On Using LLMs Without Becoming One

A year ago I would have told you I was LLM-skeptical in the specific way that comes from watching too many hype cycles. I've been in software since the 80s. I watched expert systems, neural networks (the first time), and blockchain each get crowned as the thing that was going to change everything, and watched each of them either evaporate or settle into something smaller and more specific than the announcement implied.

I still think that's the right prior for most technology announcements. But after a year of using AI coding tools seriously — not dabbling, actually building things with them in my workflow — I've had to update.

The update is not "AI is going to replace programmers." The update is more boring: these tools are useful, in specific ways, for specific tasks, and there's a real skill to using them well that most people (including me, initially) don't have on day one.


What actually helps

Generating boilerplate that I know how to write but find tedious. The kind of code where I know exactly what I want — a CRUD API for this data model, a regex that handles these edge cases, a migration script for this schema change — and the question is just: how long will it take me to type it. For these tasks, a good LLM is fast and mostly accurate, and I review the output the same way I'd review code from a capable junior developer: with attention, not with blind acceptance.

Explaining unfamiliar code. I work in a lot of contexts — PHP, JavaScript, SQL, occasional Python, configuration formats I encounter once and forget. When I'm reading code in a context I'm less fluent in, being able to paste a block and ask "what is this doing and why would someone write it this way" is genuinely faster than Stack Overflow. Not because the LLM is always right — it's often confidently slightly wrong — but because it can give me vocabulary and a starting point, and I can go look up the actual answer from there.

Rubber duck debugging, but the duck talks back. Sometimes I describe a problem to an LLM not to get a solution but to structure my own thinking. The act of explaining it clearly enough for the model to engage with it sometimes surfaces the problem before the model responds.


What doesn't help (or actively causes problems)

Generating code in a codebase the model hasn't seen. This is the most common failure mode: you ask for a feature implementation and get something that's locally correct but doesn't fit the actual architecture, naming conventions, existing abstractions, or error handling patterns. The code compiles. The tests pass. The PR review catches the problem. Or it doesn't and the problem shows up in production.

This isn't a criticism of the tools — it's a description of a mismatch between what the tool is good at and what the task requires. Codebase integration requires knowledge of the codebase. Uploading the whole codebase to the context window helps some; it doesn't fully solve the integration problem.

Long-horizon planning. "What should the architecture of this system be" is not a question LLMs answer reliably. They'll give you an answer — a confident, well-formatted answer with headers and bullet points — and that answer will be the average of a lot of architecture discussions in their training data, applied to your situation without the specific context that makes architecture decisions right or wrong. Sometimes that's useful as a starting point. Often it's a distraction from the harder work of thinking through your actual constraints.


The thing I worry about

I've watched how some developers — good developers, people I respect — have started interacting with LLMs in a way that makes me uncomfortable. Not uncomfortable because they're using them, but because the mode of use has become: describe what you want, accept the output, move on.

The problem isn't the tools. The problem is that software development requires judgment that comes from understanding — from having written enough code to recognize when something is wrong before you can articulate why it's wrong. The question is whether using LLMs to generate code you don't fully read and understand erodes that judgment over time.

I don't know the answer. The feedback loops are long. A developer who relies heavily on generated code for two years might write substantially more code in that time, which builds some kinds of knowledge faster. Or they might accumulate code they didn't understand when it was written, and when it breaks, they won't have the context to debug it efficiently. I've seen early evidence of both.


The version that would make me more comfortable

Using LLMs as acceleration, not autopilot. Which sounds obvious but feels like genuine discipline in practice. Read the output. Understand it well enough to explain it. Push back when something looks wrong. Treat the model as a fast first draft, not a final answer.

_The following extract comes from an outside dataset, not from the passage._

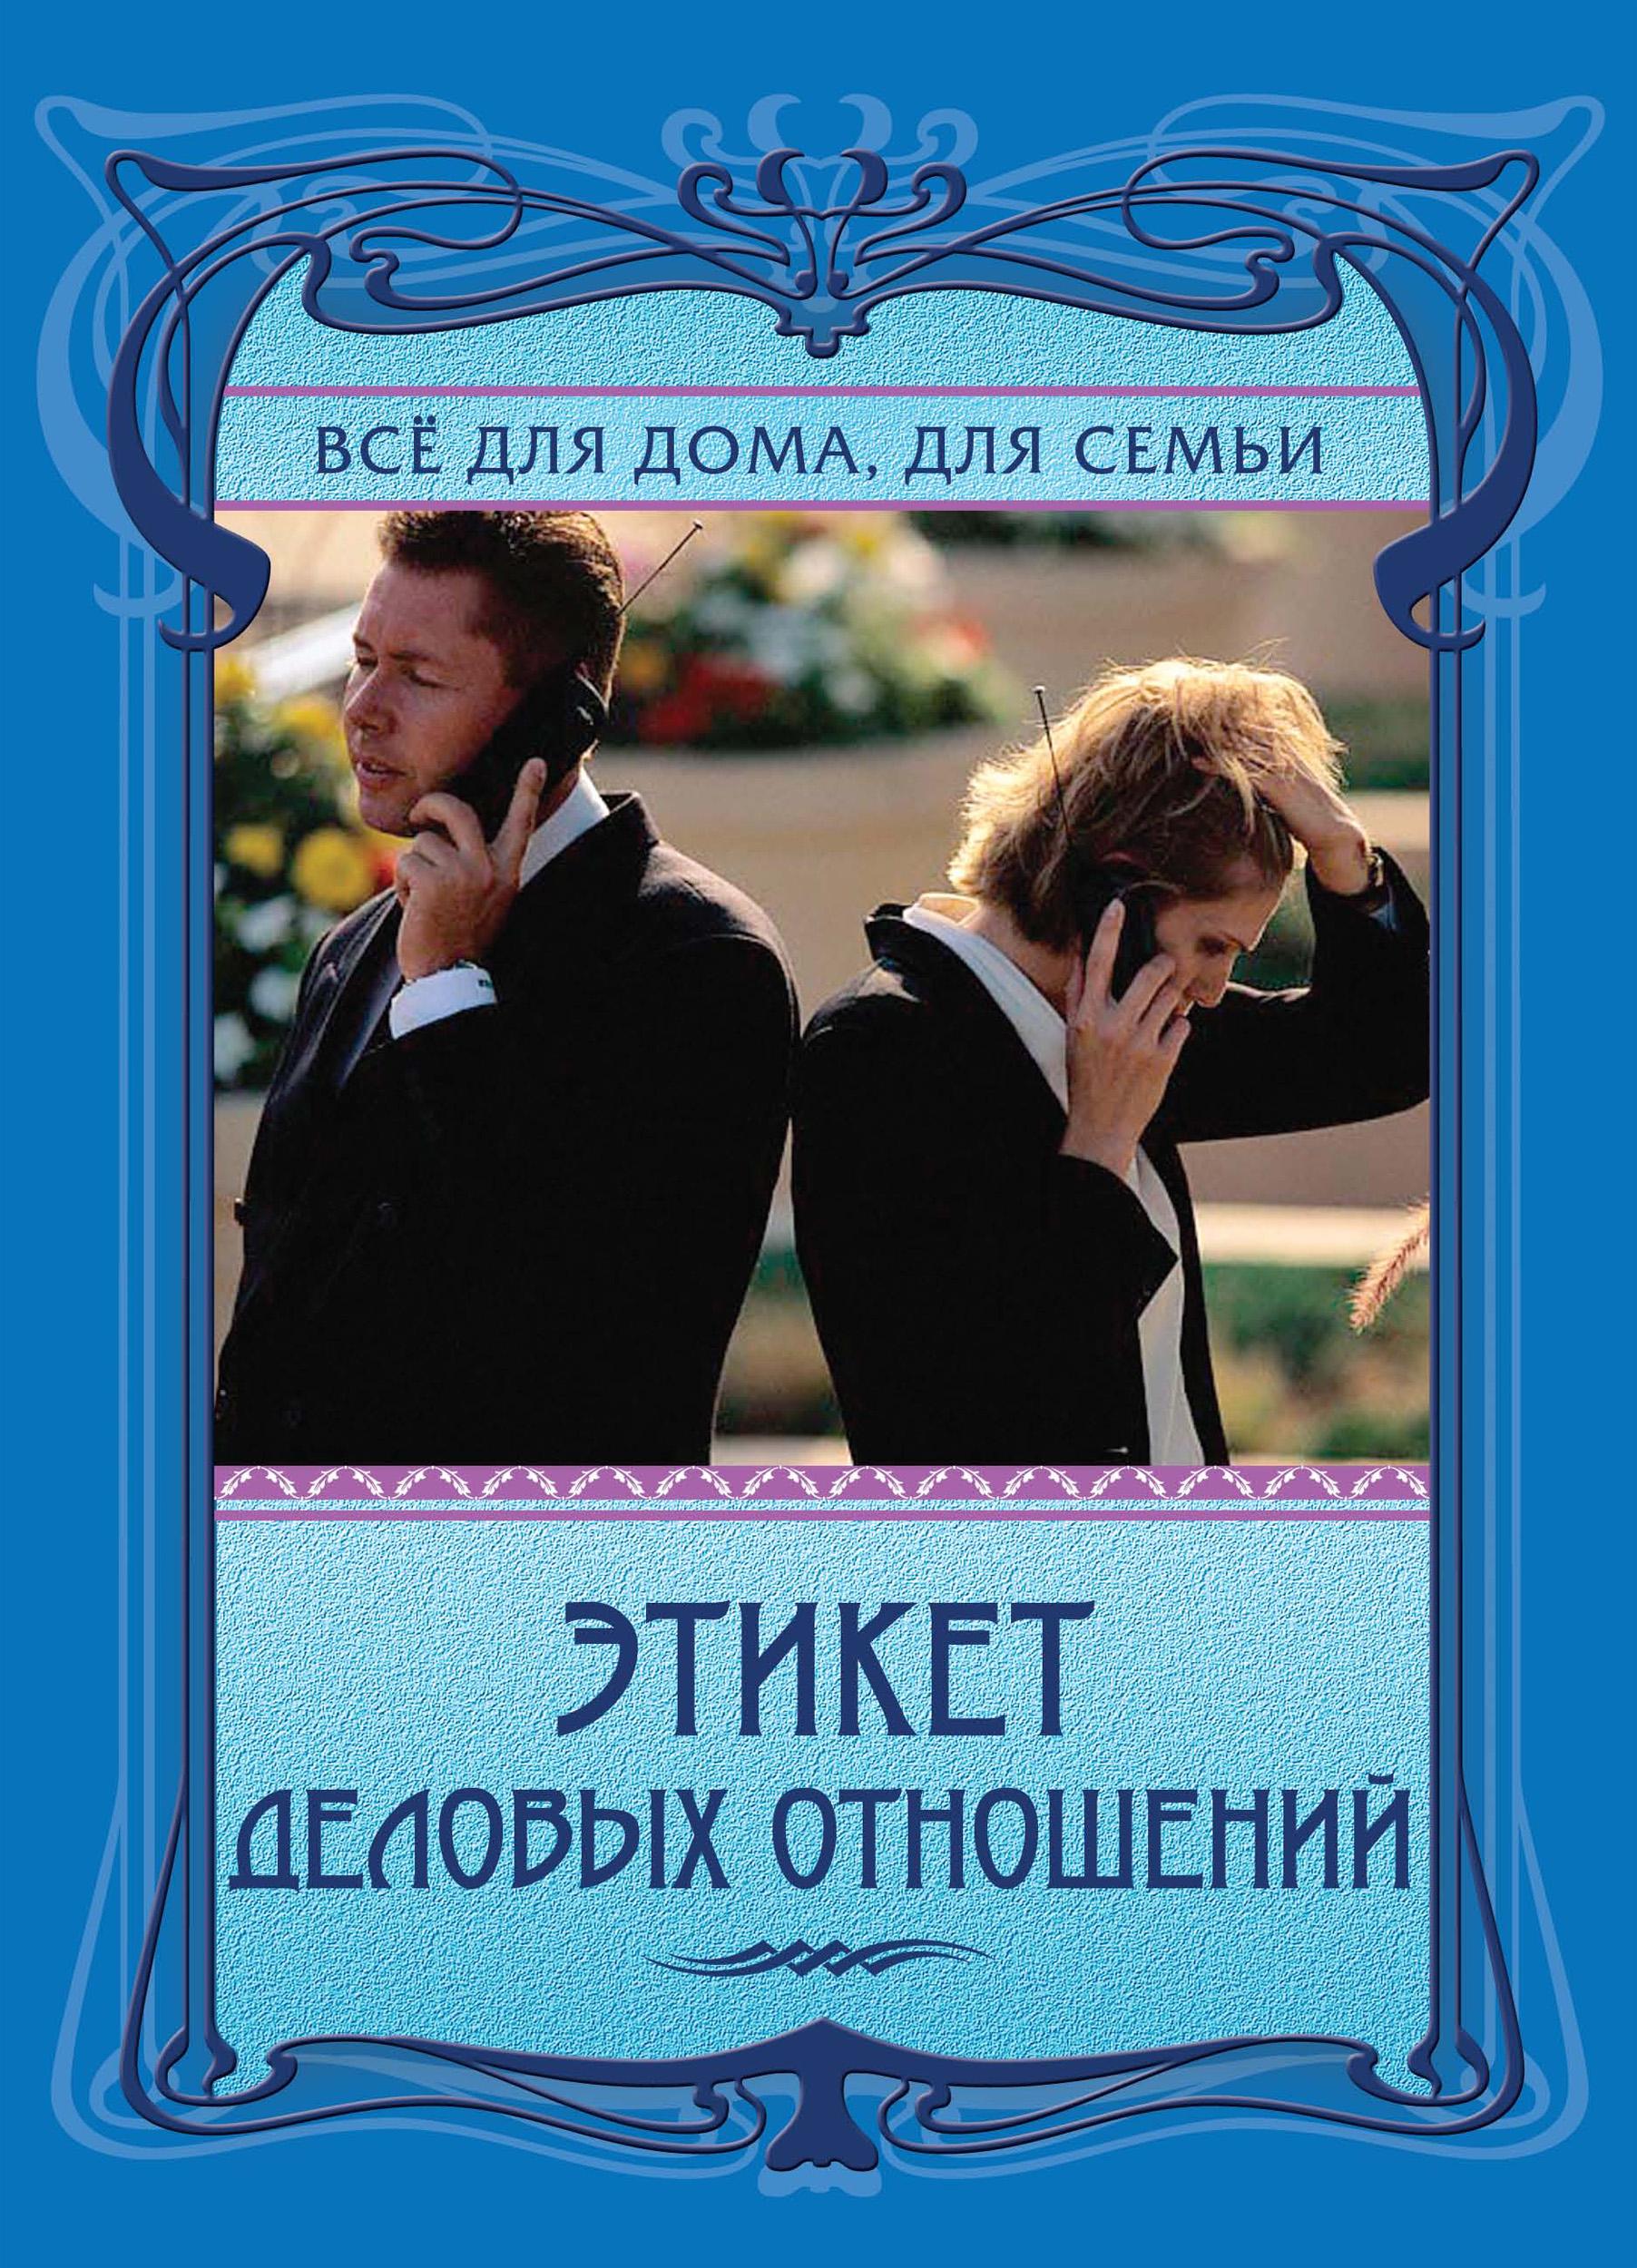 Обложка книги. Автор - Анна Егорова

For me, the question is always: do I understand this code? If the answer is no, the answer isn't "that's fine, the LLM wrote it." The answer is: I need to understand it before it ships, because I'm the one on the hook when it breaks.

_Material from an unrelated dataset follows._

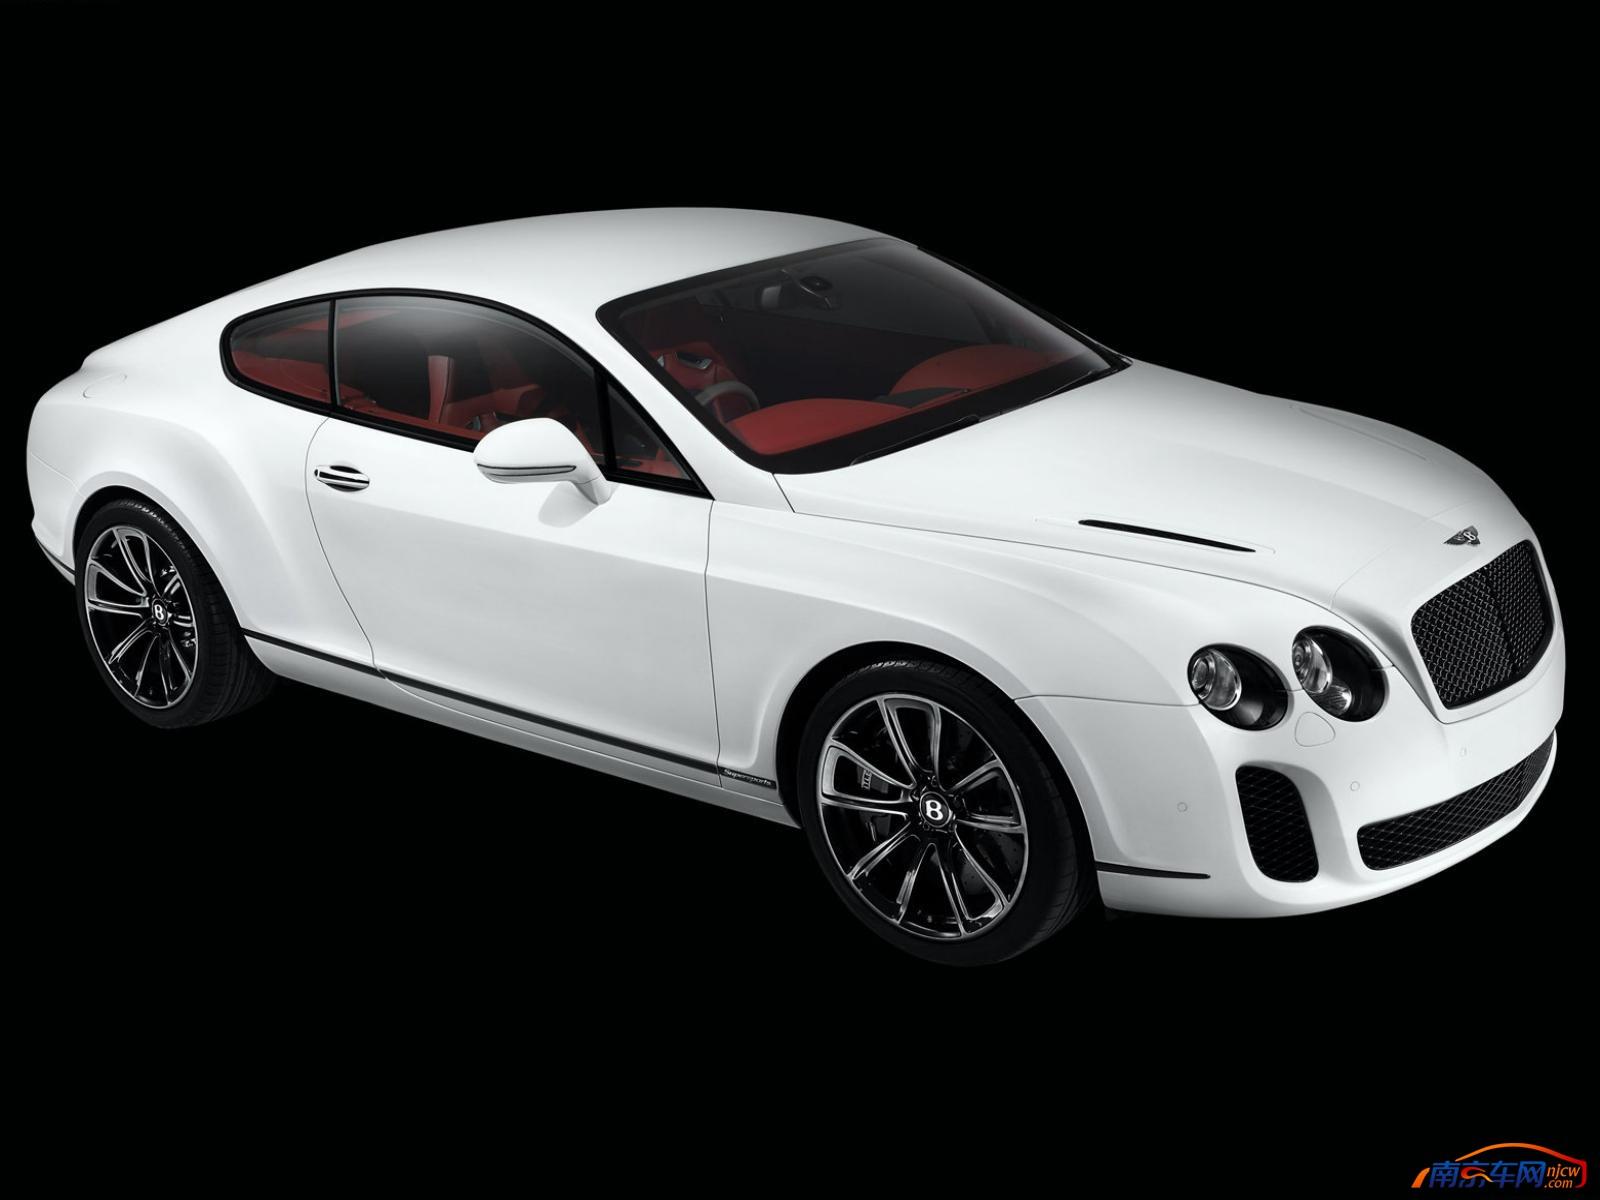 宾利欧陆supersports 10款首发新车亮相日内瓦 新

That framing has kept me from a few problems I'd have had otherwise. It's also made me slower than some of my colleagues who are more willing to ship code they didn't fully read. Maybe I'm leaving productivity on the table. Maybe I'm not.


I'm not a convert in the evangelical sense. I use these tools and I find them useful and I'm aware they're getting better faster than I would have predicted. I'm also aware that "this time it's different" is a sentence that has been wrong many more times than it's been right.

Both things can be true. The tools are useful now. The claims about them are still inflated. Hold both.

That's about as enthusiastic as I get.